↓

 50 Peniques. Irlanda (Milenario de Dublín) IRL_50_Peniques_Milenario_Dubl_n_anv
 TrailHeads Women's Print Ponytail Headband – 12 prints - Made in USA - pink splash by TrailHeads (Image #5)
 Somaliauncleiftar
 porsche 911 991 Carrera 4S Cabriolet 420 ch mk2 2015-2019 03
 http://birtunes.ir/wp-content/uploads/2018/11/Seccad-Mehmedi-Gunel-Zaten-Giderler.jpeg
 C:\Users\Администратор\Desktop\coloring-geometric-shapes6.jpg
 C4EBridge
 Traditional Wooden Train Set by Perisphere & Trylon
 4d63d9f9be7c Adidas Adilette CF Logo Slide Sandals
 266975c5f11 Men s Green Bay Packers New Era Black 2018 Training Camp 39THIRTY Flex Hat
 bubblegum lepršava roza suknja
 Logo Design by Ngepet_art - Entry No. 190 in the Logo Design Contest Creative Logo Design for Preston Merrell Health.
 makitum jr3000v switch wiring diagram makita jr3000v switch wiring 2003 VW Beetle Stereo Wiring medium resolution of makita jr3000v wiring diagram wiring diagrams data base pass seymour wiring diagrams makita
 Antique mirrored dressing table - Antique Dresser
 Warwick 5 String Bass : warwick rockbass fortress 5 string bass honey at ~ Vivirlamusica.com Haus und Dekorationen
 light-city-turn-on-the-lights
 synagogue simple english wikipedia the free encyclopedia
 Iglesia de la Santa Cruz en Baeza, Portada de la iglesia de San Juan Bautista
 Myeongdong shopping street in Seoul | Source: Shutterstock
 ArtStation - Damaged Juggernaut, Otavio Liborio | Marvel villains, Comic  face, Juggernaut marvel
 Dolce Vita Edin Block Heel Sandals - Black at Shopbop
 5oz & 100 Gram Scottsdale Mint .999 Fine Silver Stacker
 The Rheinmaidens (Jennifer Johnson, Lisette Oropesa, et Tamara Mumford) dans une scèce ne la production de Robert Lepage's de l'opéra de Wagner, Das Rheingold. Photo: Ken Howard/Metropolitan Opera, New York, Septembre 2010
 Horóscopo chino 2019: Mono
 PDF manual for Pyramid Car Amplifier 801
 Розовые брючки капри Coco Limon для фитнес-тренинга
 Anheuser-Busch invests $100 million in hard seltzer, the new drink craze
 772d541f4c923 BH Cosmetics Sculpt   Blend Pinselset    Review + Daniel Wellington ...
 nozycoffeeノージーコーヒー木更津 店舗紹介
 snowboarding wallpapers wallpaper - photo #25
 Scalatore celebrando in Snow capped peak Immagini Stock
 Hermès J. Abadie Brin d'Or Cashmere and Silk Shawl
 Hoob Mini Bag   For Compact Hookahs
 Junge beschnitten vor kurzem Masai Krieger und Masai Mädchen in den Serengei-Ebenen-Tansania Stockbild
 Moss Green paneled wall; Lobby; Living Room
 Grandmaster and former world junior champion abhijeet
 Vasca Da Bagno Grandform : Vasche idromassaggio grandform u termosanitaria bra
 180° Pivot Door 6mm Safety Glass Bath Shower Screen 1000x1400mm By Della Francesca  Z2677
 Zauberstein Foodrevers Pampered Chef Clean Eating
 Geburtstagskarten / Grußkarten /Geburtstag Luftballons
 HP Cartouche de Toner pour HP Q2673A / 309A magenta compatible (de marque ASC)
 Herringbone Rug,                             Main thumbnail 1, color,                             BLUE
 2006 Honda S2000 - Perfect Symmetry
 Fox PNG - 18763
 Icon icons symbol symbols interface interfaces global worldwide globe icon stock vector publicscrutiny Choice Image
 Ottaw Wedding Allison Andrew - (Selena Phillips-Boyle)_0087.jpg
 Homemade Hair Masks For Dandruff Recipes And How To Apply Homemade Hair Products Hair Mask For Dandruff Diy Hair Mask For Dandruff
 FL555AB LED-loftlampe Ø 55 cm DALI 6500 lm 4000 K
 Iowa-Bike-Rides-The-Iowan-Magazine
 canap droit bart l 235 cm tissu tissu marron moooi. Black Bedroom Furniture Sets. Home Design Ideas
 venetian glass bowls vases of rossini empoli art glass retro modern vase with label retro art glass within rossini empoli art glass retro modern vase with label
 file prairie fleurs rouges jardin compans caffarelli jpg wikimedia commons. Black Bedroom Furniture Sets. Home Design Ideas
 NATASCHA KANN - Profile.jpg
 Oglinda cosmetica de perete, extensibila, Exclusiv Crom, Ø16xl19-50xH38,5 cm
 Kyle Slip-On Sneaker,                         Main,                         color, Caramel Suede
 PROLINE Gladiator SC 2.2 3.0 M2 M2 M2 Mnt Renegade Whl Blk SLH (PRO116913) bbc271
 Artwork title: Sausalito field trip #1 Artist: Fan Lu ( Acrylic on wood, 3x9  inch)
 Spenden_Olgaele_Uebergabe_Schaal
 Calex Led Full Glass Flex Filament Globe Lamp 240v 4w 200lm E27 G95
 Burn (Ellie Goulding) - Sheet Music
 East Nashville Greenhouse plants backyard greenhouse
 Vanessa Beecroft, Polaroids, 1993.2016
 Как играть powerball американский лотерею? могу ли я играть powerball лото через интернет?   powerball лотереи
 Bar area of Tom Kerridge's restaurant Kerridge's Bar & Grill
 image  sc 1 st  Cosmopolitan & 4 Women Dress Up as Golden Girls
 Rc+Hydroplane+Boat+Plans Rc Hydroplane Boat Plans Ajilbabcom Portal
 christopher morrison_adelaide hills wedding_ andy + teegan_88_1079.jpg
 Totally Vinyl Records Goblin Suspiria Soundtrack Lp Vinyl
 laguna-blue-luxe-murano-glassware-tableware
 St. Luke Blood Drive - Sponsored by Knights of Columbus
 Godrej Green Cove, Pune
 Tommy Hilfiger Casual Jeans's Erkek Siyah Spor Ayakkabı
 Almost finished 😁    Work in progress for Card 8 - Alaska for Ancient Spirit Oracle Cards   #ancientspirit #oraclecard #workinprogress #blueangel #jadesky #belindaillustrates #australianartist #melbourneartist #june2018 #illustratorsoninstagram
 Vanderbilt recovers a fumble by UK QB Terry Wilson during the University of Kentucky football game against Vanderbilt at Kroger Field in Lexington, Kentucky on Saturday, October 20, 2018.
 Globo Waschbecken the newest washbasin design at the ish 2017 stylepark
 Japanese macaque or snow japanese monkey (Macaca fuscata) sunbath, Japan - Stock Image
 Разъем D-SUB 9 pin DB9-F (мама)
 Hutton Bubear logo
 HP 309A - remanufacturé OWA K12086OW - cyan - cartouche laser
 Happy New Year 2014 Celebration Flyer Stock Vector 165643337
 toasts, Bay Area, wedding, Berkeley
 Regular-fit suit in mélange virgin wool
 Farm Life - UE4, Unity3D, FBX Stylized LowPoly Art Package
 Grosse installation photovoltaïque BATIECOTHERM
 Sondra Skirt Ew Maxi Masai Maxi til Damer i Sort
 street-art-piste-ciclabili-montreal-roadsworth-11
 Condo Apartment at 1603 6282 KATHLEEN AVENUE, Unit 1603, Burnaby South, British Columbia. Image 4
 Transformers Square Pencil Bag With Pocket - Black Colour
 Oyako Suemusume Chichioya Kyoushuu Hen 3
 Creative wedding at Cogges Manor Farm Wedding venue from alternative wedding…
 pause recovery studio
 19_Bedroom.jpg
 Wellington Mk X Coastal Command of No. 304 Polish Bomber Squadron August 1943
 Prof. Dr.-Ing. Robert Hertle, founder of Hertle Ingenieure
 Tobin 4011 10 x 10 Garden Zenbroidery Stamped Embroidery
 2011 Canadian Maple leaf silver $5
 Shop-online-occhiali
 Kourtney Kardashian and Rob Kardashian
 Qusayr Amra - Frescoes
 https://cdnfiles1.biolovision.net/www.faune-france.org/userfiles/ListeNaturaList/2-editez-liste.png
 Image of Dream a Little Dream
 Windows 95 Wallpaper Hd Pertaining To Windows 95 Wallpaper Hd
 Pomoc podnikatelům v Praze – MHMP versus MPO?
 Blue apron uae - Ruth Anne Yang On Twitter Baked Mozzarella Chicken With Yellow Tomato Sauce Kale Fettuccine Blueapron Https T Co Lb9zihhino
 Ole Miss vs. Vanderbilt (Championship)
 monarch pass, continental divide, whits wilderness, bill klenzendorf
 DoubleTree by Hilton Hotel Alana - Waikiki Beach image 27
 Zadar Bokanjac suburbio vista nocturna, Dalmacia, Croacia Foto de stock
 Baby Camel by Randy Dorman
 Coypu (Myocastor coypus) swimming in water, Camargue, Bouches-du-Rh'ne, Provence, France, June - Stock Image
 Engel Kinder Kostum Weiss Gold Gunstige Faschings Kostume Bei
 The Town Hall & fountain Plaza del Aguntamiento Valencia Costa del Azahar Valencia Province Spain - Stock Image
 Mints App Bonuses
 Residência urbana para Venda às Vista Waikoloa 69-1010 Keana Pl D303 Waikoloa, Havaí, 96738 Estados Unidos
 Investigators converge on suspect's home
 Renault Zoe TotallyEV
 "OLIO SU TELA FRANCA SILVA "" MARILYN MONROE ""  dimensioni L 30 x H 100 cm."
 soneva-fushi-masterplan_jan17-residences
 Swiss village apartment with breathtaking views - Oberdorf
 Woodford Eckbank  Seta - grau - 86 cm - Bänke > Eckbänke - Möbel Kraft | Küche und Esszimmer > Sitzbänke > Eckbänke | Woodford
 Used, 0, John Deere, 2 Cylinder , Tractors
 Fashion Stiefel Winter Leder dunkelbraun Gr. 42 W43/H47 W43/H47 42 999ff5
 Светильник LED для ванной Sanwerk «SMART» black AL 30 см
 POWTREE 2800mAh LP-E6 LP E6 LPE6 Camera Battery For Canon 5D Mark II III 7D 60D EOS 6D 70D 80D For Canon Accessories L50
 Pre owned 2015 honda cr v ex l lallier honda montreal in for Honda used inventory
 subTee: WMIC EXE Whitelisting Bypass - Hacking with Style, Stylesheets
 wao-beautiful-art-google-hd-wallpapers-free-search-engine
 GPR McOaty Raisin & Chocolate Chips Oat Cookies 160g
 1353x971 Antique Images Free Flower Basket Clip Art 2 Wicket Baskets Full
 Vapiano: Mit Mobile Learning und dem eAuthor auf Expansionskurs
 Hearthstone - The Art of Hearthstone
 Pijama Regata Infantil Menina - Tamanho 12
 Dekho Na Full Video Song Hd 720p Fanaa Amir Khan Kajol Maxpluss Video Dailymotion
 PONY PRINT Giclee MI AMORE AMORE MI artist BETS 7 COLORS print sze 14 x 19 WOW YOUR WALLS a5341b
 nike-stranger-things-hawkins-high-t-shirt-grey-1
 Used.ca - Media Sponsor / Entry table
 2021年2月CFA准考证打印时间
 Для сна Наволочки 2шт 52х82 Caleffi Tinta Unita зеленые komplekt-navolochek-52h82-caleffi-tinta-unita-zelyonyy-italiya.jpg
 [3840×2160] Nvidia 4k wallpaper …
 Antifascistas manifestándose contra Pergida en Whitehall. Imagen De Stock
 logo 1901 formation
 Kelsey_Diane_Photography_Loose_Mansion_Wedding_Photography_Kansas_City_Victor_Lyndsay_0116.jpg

↑

Each line from the one containing "Светильник LED для" to the end of the records should be echoed exactly, and no other line.

**Solution to the exercise**
 Светильник LED для ванной Sanwerk «SMART» black AL 30 см
 POWTREE 2800mAh LP-E6 LP E6 LPE6 Camera Battery For Canon 5D Mark II III 7D 60D EOS 6D 70D 80D For Canon Accessories L50
 Pre owned 2015 honda cr v ex l lallier honda montreal in for Honda used inventory
 subTee: WMIC EXE Whitelisting Bypass - Hacking with Style, Stylesheets
 wao-beautiful-art-google-hd-wallpapers-free-search-engine
 GPR McOaty Raisin & Chocolate Chips Oat Cookies 160g
 1353x971 Antique Images Free Flower Basket Clip Art 2 Wicket Baskets Full
 Vapiano: Mit Mobile Learning und dem eAuthor auf Expansionskurs
 Hearthstone - The Art of Hearthstone
 Pijama Regata Infantil Menina - Tamanho 12
 Dekho Na Full Video Song Hd 720p Fanaa Amir Khan Kajol Maxpluss Video Dailymotion
 PONY PRINT Giclee MI AMORE AMORE MI artist BETS 7 COLORS print sze 14 x 19 WOW YOUR WALLS a5341b
 nike-stranger-things-hawkins-high-t-shirt-grey-1
 Used.ca - Media Sponsor / Entry table
 2021年2月CFA准考证打印时间
 Для сна Наволочки 2шт 52х82 Caleffi Tinta Unita зеленые komplekt-navolochek-52h82-caleffi-tinta-unita-zelyonyy-italiya.jpg
 [3840×2160] Nvidia 4k wallpaper …
 Antifascistas manifestándose contra Pergida en Whitehall. Imagen De Stock
 logo 1901 formation
 Kelsey_Diane_Photography_Loose_Mansion_Wedding_Photography_Kansas_City_Victor_Lyndsay_0116.jpg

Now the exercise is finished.